Credit card advertisement on campus only leads to students being held hostage by crushing debt

Scott Redmond, Staff Writer

There is nothing worse than walking through the campus on the way to class only to be stopped by well-dressed individuals at a table trying to convince you to play and win some prize while also working to get you to sign up for a credit card.

On Sept. 10 and 11, various banks and credit unions came to the campus for the semester bank and credit fair, where these same groups try their best to convince students to sign-up with them.

This needs to stop.

Not all banks or credit unions are trying to pull the wool over your eyes though.

The intentions of the school and the various banks or credit unions actually are noble at times, as building credit early is a good thing for students.

The problem though, is that students are already facing mountains of debt when they finish school, and adding credit cards of their own on top of it doesn’t help at all.

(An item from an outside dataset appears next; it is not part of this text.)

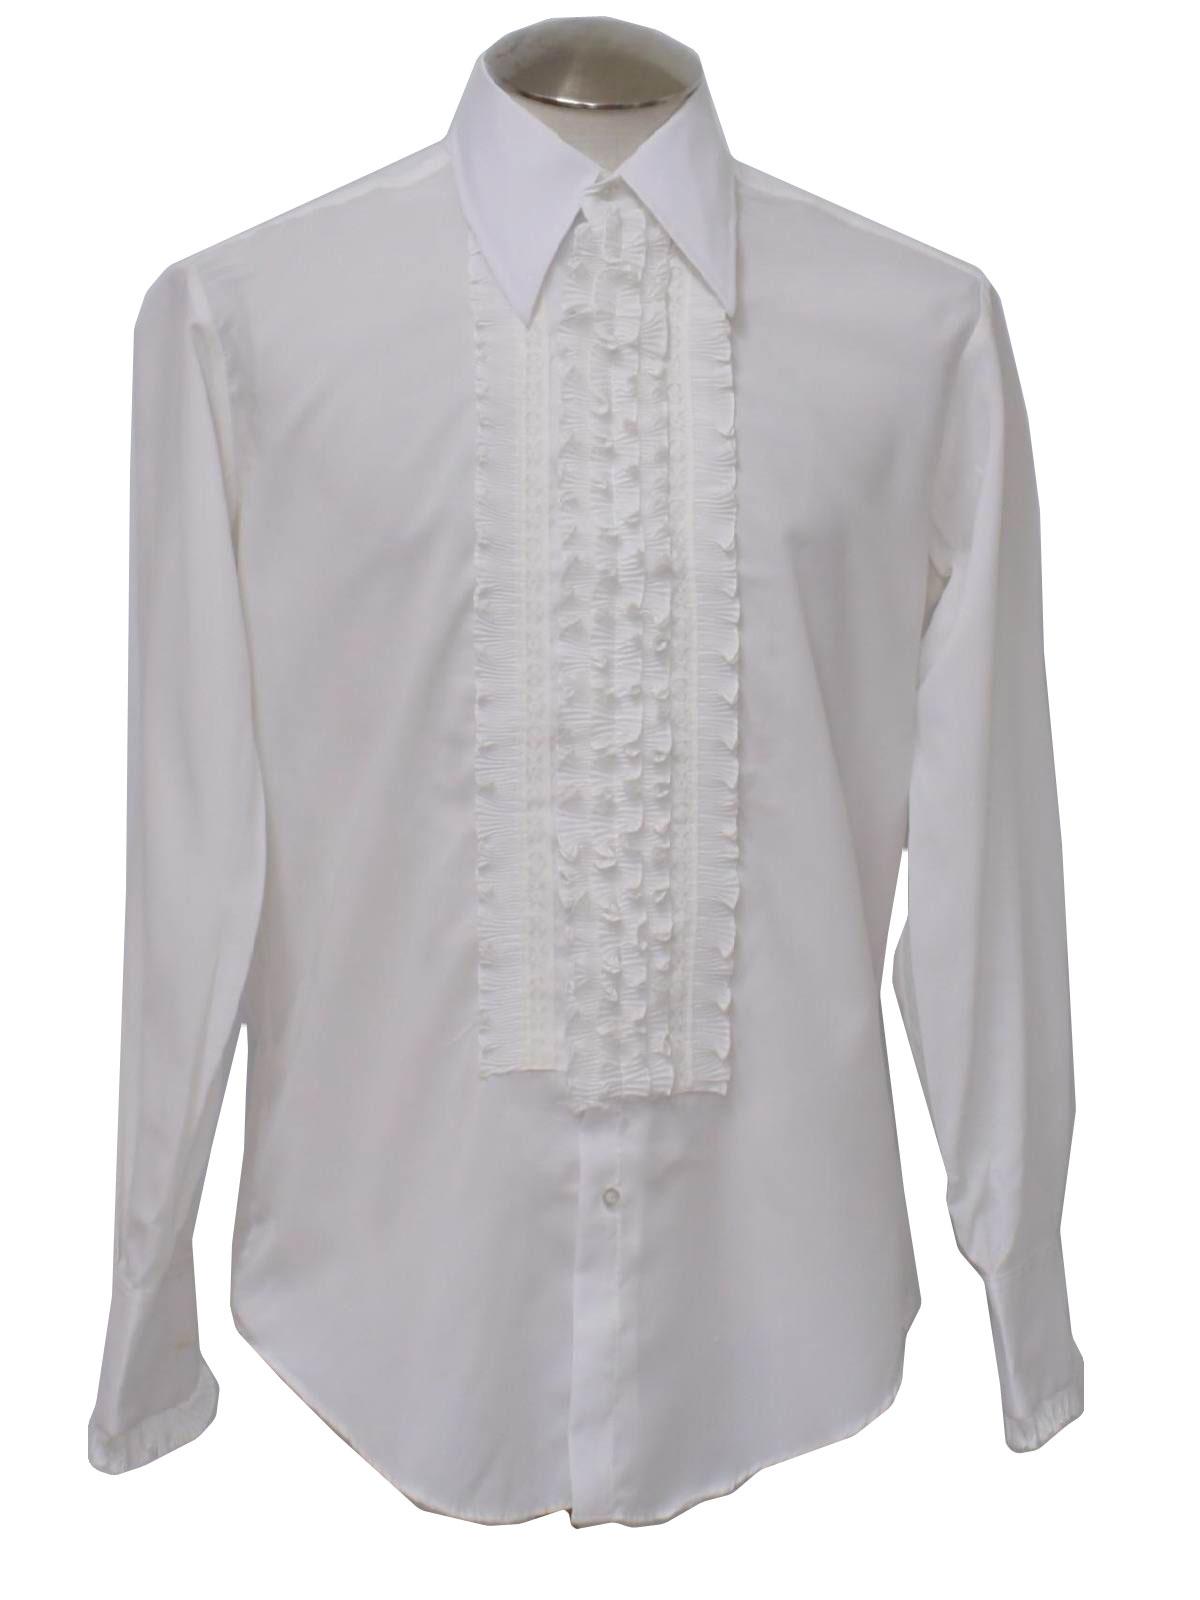 Womens Tuxedo Shirt White

A Fidelity Investments survey conducted last year found that the average 2013 graduate was leaving school with a debt of more than $35,000.

This includes state, federal and private loans along with money borrowed from family and credit card debt.

While the credit card portion of most of the debts averaged only $3,000, that’s still a lot of money for a new graduate entering the workforce.

Let’s be honest here.

The majority of college students are not entirely ready for the experience of having a credit card.

The majority of young adults are impulse buyers.

Advertisements, whether through television or magazines or online, are geared towards the 18-25 age bracket, and students are bombarded daily with the news that if they don’t have the latest cool new gadget they are out of style and something is wrong with them.

This leads to the abuse of a credit card.

While I’d like to think banks and credit unions aren’t intentionally anti-customer, sometimes the profit mindset of capitalism causes these corporations to let you push things to a limit where you end up owing them in the end.

As stated before, there are positive reasons to allow the banks and credit unions on campus.

Growing your credit score early makes it easier to do things like purchase a house.

The sort of things you need later in life.

One of the best ways to grow a credit score for college students is to get a credit card, but that credit card has to be used sparingly and responsibility which means paying it off every month, according to a report by US News & World Report.

Basically only purchase what you truly need to with the credit card, and make sure you’re not blowing off making payments each month.

Using the card regularly followed by missed payments starts down the slope to bad credit.

While building credit early is beneficial and the school is facilitating that with the fair, the problem comes when many of the vendors turn to the aforementioned games and prizes as ways to entice students.

College students work hard and still barely scrape by most of the time, and free stuff is the perfect fuel for irresponsible decision making.

This year if you took a card to each table, you got 10 seconds per table and could spend the subsequent earned time in a money box where the more green paper you grabbed the more money you got on a gift card.

Softening up potential debt issues of a card by associating it with games and free stuff might be the best marketing tool out there, but it’s a lethal combination when it comes to the future of college students.

The negative impact credit cards and the fair have on most students trumps any positive impact.

School should be the last place you have to worry about someone trying to talk you into signing up for more debt than you already might be carrying.

Students will find banks and find credit cards if they truly want them.

Even with the Post Office issues, those envelopes telling a person they are pre-approved for a card still come regularly.

Keep the banks and credit unions where they belong: off campus grounds.

For the sake of the future of most students, it’s the only way to go.